This paper introduces LLaVA-MORE, a family of Multimodal LLMs (MLLMs), designed to systematically evaluate the impact of different LLM backbones and visual encoders on multimodal performance. The authors highlight that while MLLMs have advanced rapidly, comparisons are difficult due to varying model components, training data, and evaluation protocols. LLaVA-MORE aims to address this by using a unified LLaVA-based training protocol applied consistently across various architectures (Cocchi et al., 19 Mar 2025 ).
The core architecture follows the standard LLaVA setup: a visual encoder, a vision-language adapter (a two-layer MLP), and an LLM backbone. The paper explores:
- Small-scale LLMs: Phi-4-Mini (3.8B) and Gemma-2 (2B).
- Medium-scale LLMs: LLaMA-3.1 (8B), DeepSeek-R1-Distill-LLaMA (8B), and Gemma-2 (9B).
- Visual Backbones: CLIP ViT-L/14 (baseline), DINOv2 ViT-L/14 (with and without registers), SigLIP ViT-L/14, and SigLIP2 ViT-L/14.
Training follows a two-stage process:
- Pre-training: The vision-language adapter is trained to align visual features (from a frozen encoder) with the LLM's embedding space using 558k image-caption pairs (from LAION, CC3M, SBU).
- Visual Instruction Tuning: Both the adapter and the LLM are fine-tuned using high-quality visual instruction-following data to enhance conversational and reasoning abilities.
Experiments were conducted on various benchmarks:
- VQA Benchmarks: GQA, ScienceQA, TextVQA, AI2D.
- MLLM Benchmarks: POPE (hallucination), MME (perception/cognition), MMBench (multi-domain reasoning), SEED-Bench (multimodal comprehension), MMMU (expert-level reasoning).
Key findings include:
- LLM Impact: Newer small-scale models like Phi-4-3.8B demonstrate performance comparable to or even exceeding older medium-scale models (e.g., LLaVA-1.5-7B) on several benchmarks, particularly in reasoning tasks (MMMU, SEED).

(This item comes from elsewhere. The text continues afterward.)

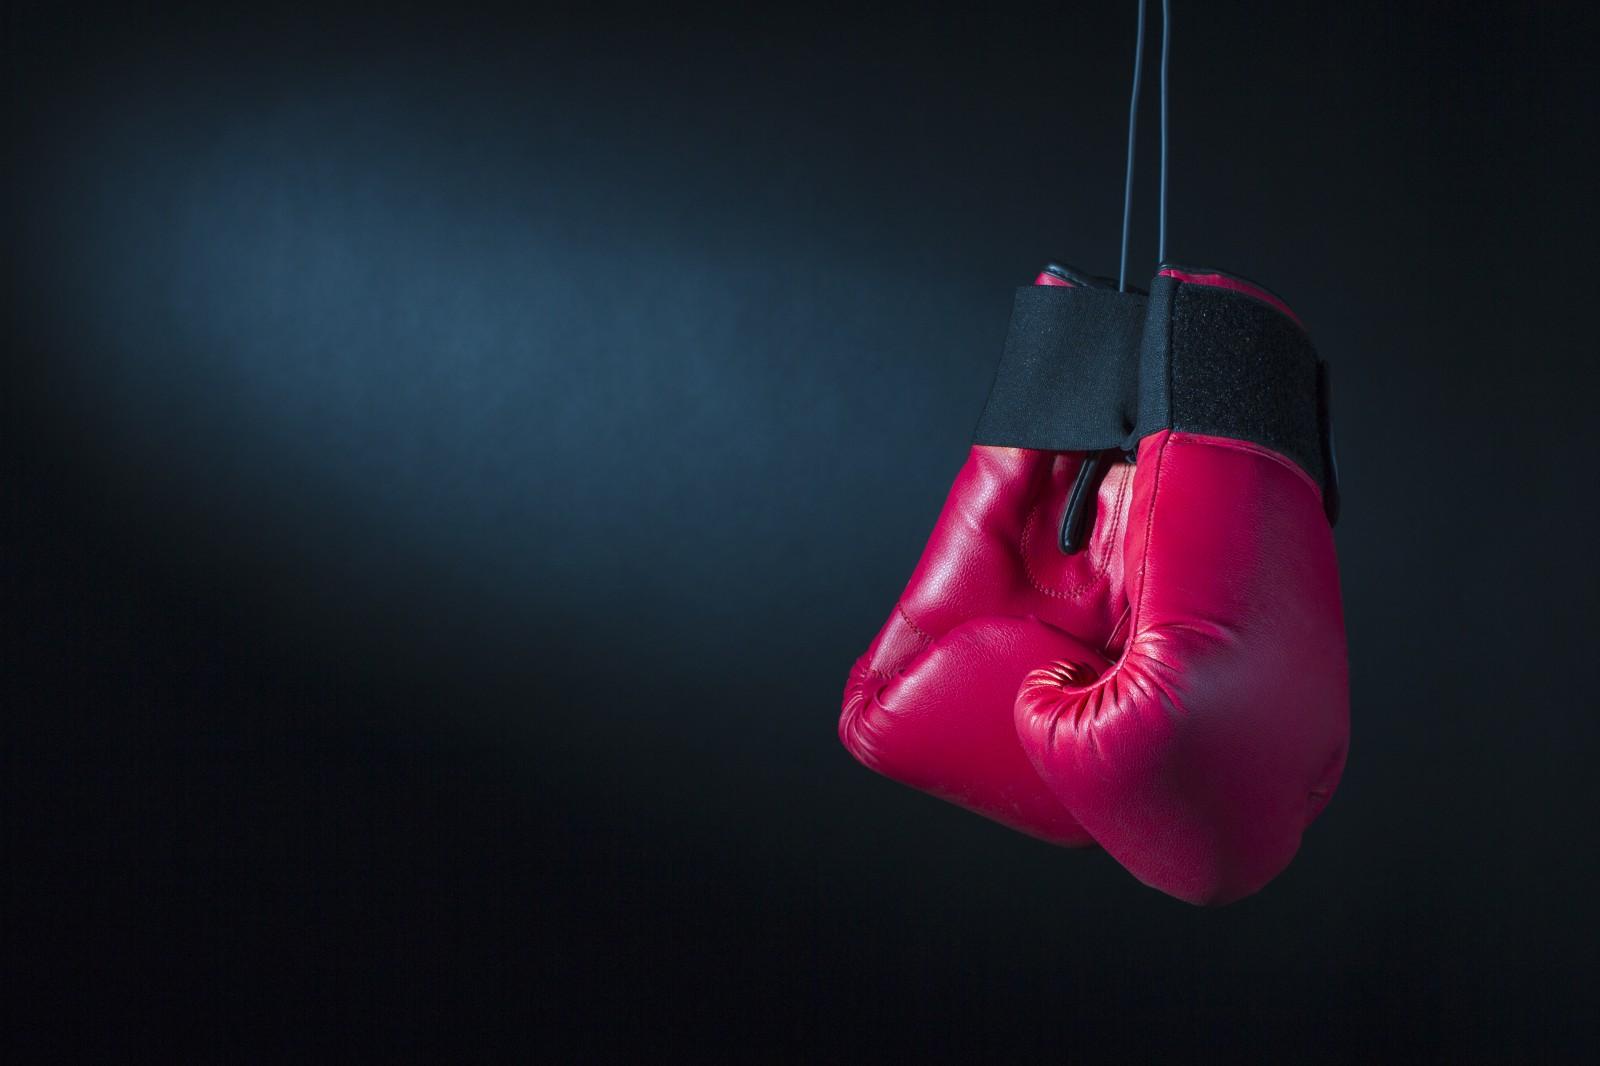 74] Kickboxing Wallpaper on WallpaperSafari 1600x1066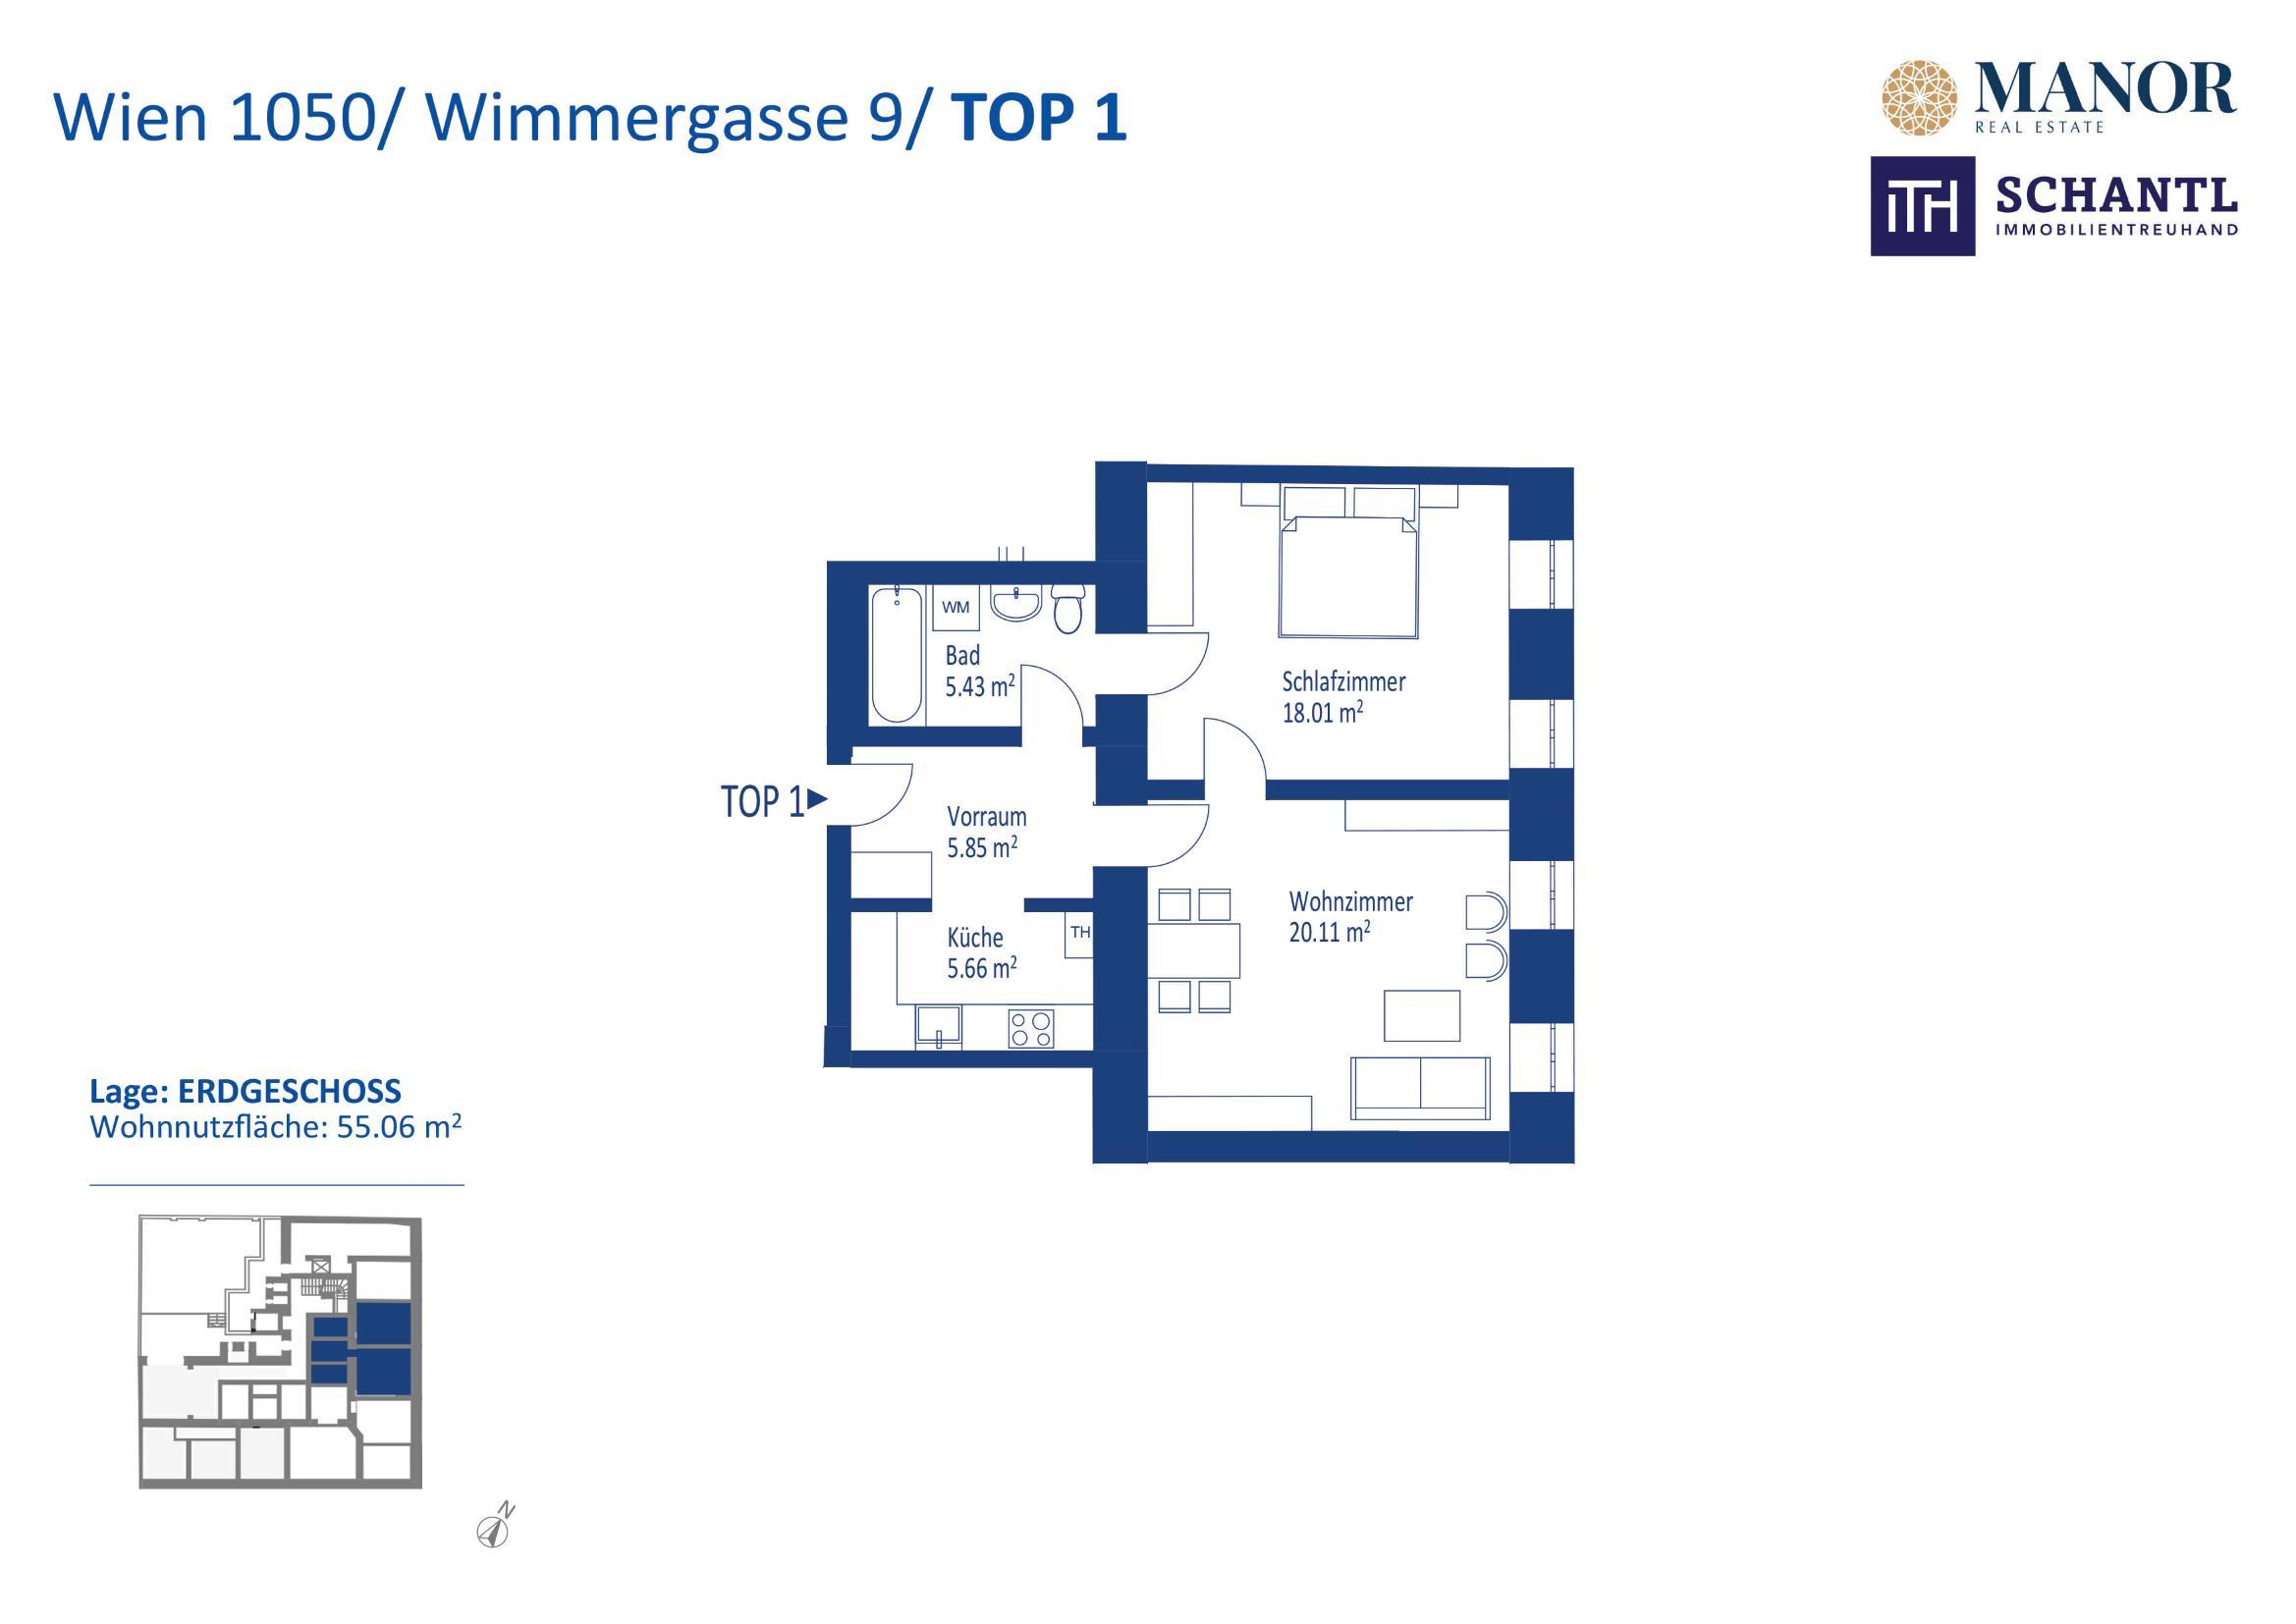 Wien 1050_Wimmergasse 9_TOP 1

Among medium-scale models, Gemma-2-9B excelled in VQA, while LLaMA-3.1-8B showed strength in MMBench.
- Visual Backbone Impact: Visual encoders pre-trained with image-text contrastive learning (CLIP, SigLIP, SigLIP2) consistently outperformed self-supervised ones (DINOv2). SigLIP and SigLIP2 variants generally yielded the best results across benchmarks, despite requiring more visual tokens due to higher input resolution (384² vs. CLIP's 336²).
- Image Resolution: Using the S² technique to increase effective image resolution generally improved performance, especially for smaller models (LLaVA-MORE-3.8B). However, benefits diminished or reversed for larger models (LLaVA-MORE-9B) on some tasks, suggesting a trade-off between resolution benefits and model scale/task type.
- Pre-training Data: The choice of pre-training data had a noticeable impact on the small-scale model (LLaVA-MORE-3.8B), with LAION-only data performing well when paired with the SigLIP2 backbone. The medium-scale model (LLaVA-MORE-9B) was less sensitive, though Recap data showed benefits for Chinese language tasks (MMB-Cn).
- No Universal Best: The results emphasize that no single combination of LLM and visual backbone excels across all tasks. Performance is highly dependent on the specific benchmark and task requirements.
The paper concludes by offering insights into designing effective MLLMs, emphasizing the competitiveness of recent small LLMs and the superiority of contrastively pre-trained visual backbones like SigLIP. The authors provide a reproducible framework and release their code and models to facilitate further research.